The smile, gently powerful, is a universal feature of human behaviour, and it deserves more careful study than it has often been accorded. It is usually bundled together with the laugh into the general category of ‘humour’, yet smiles and laughs are quite different.
This book explores the complex relationship between the smile and the laugh and traces its historical development in Spanish life and culture. The first chapter examines smiles and laughs as they occur in everyday life, taking Galician irony or retranca, and the sarcasm or guasa of Madrid and Seville, as characteristic forms of the smile and the laugh respectively.
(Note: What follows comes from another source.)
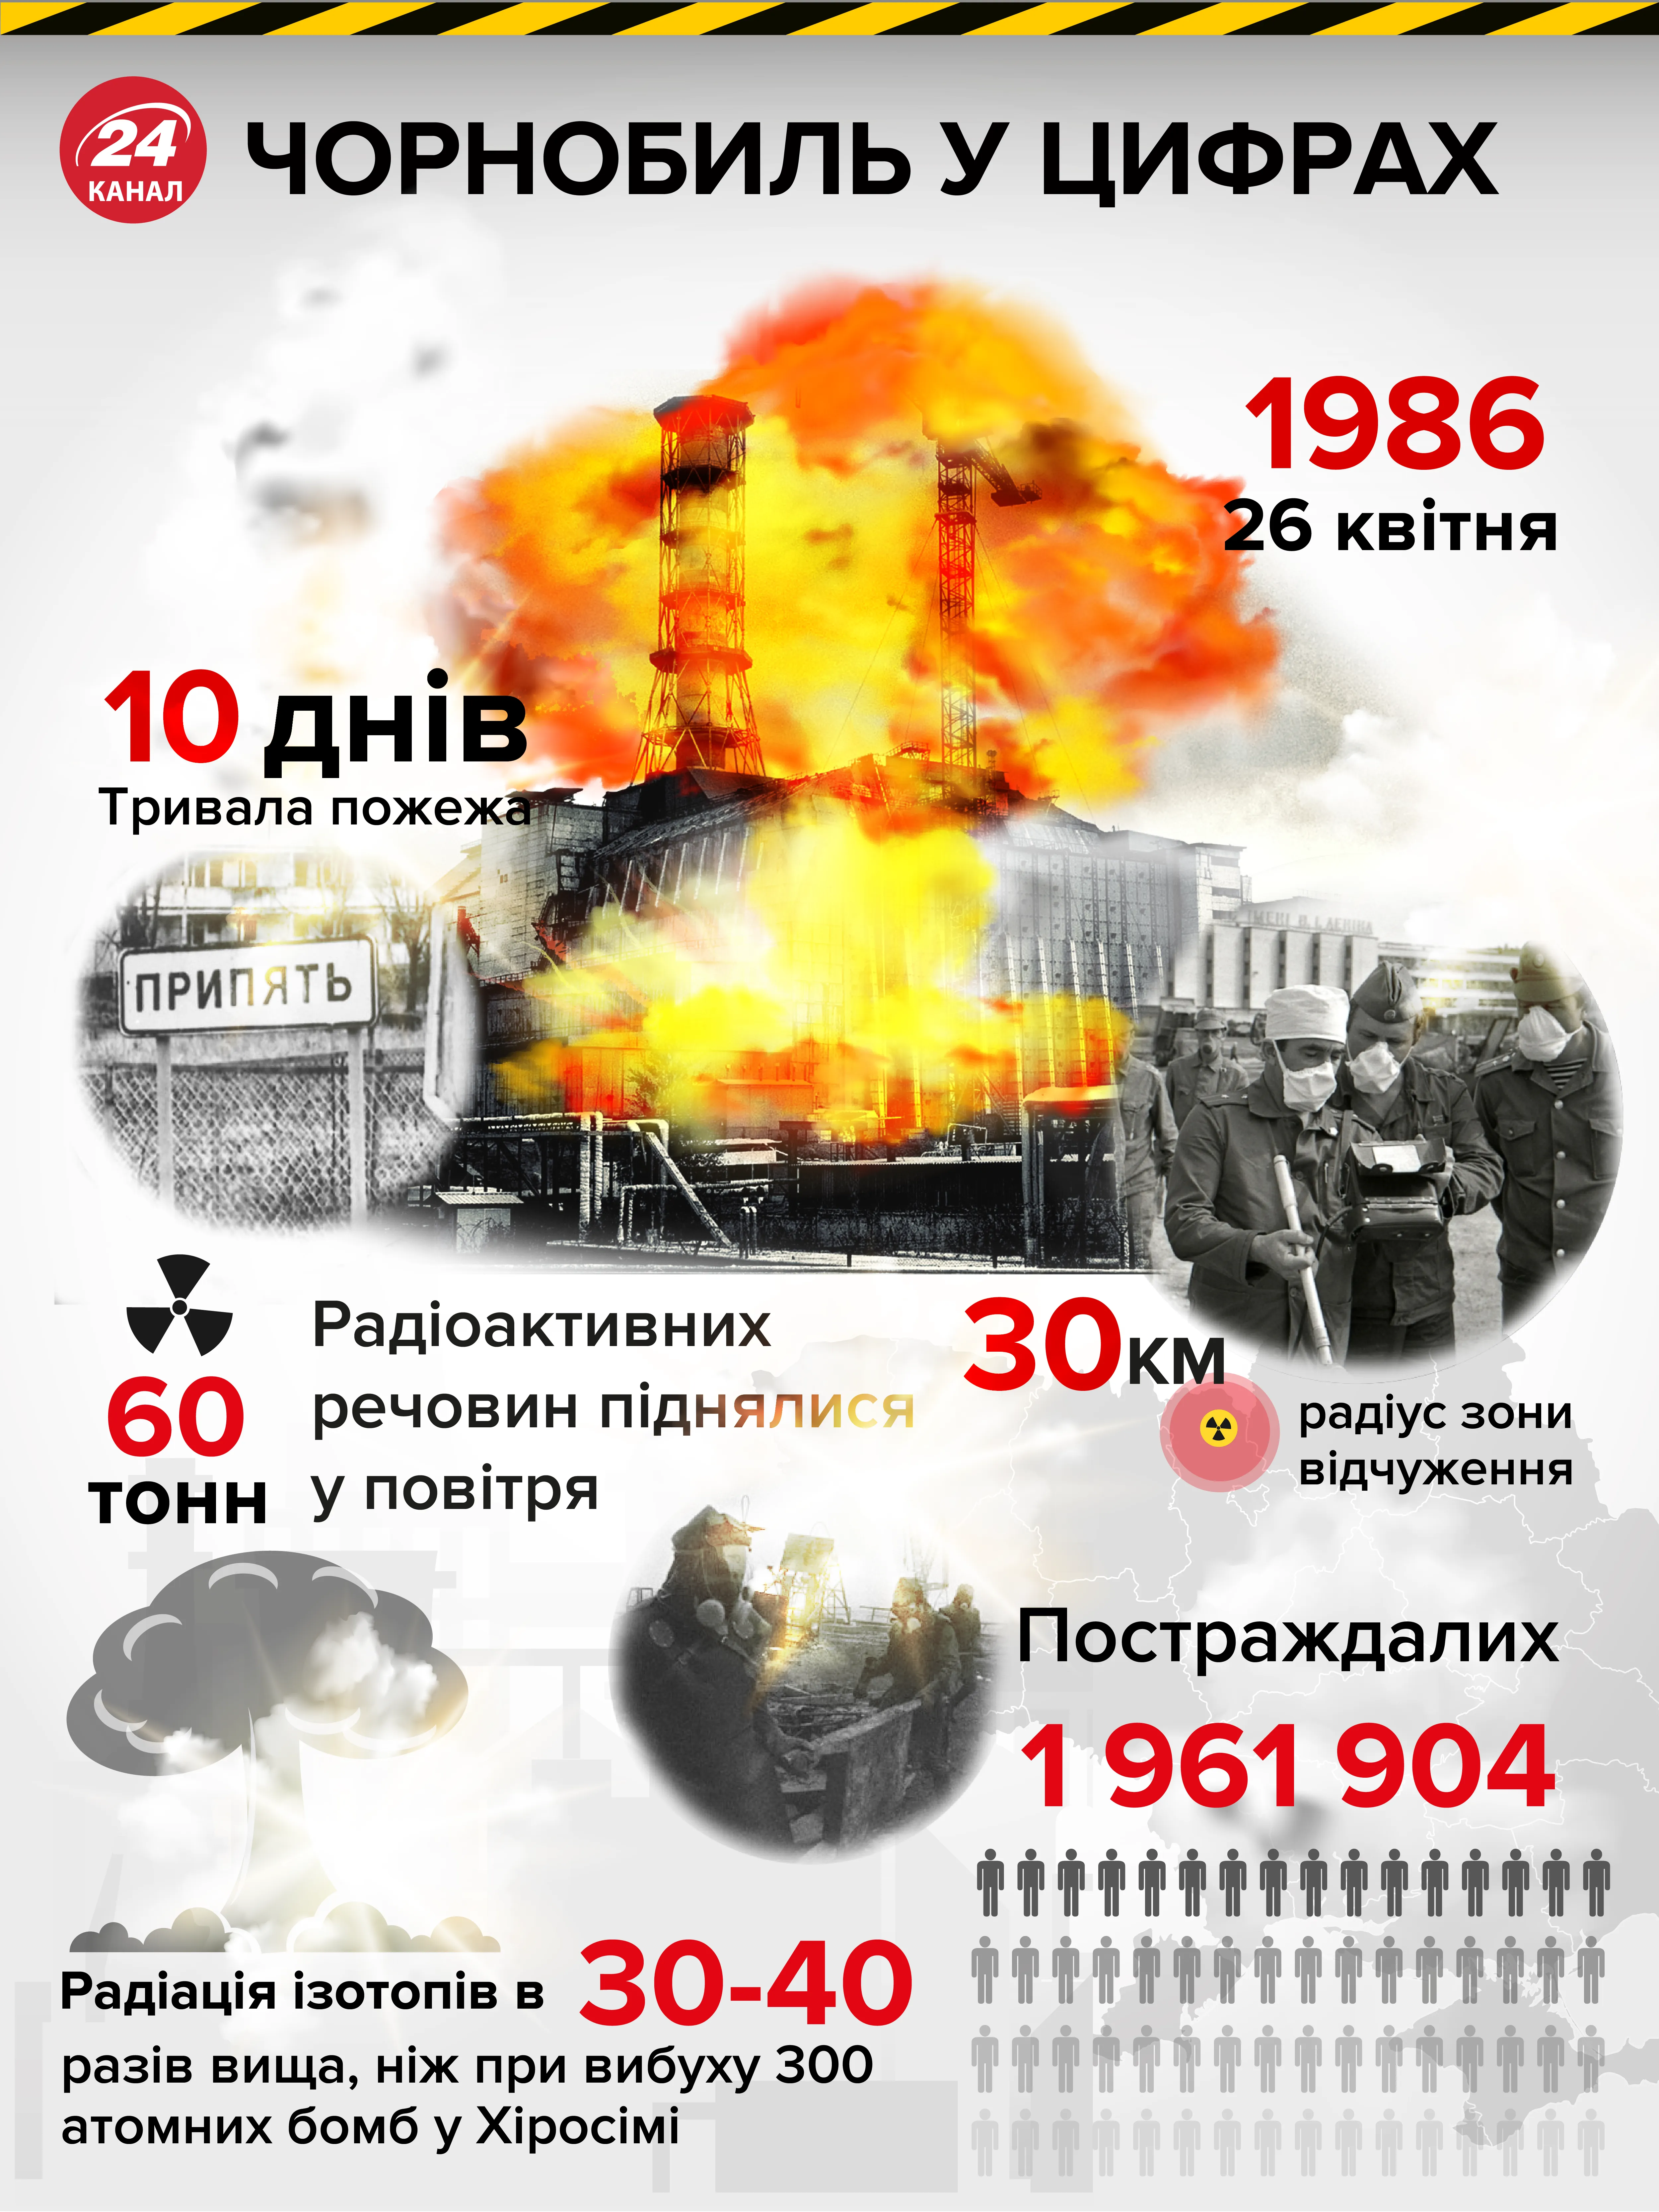 Аварія у Чорнобилі в цифрах

The main focus is on the medieval and early modern periods, because these were times of transition when the smile began to challenge the traditional dominance of the laugh. The principal source for the historical study of smiles and laughs is literature, but the book contains the first detailed study of the earliest expressive smile in medieval sculpture, worn by the prophet Daniel in the twelfth-century Pórtico da Gloria in Santiago de Compostela Cathedral. This is followed by a close analysis of smiles and laughs in four canonical medieval and early modern literary works, the Poema de Mio Cid, the Libro de buen amor, Celestina and Don Quixote.
About the Author
John Rutherford is Emeritus Fellow of The Queen’s College, Oxford. He is the translator of Don Quixote, La Regenta and other works in Spanish and Galician, and has written extensively on topics from the medieval Galician cantigas to the novel of the Mexican Revolution.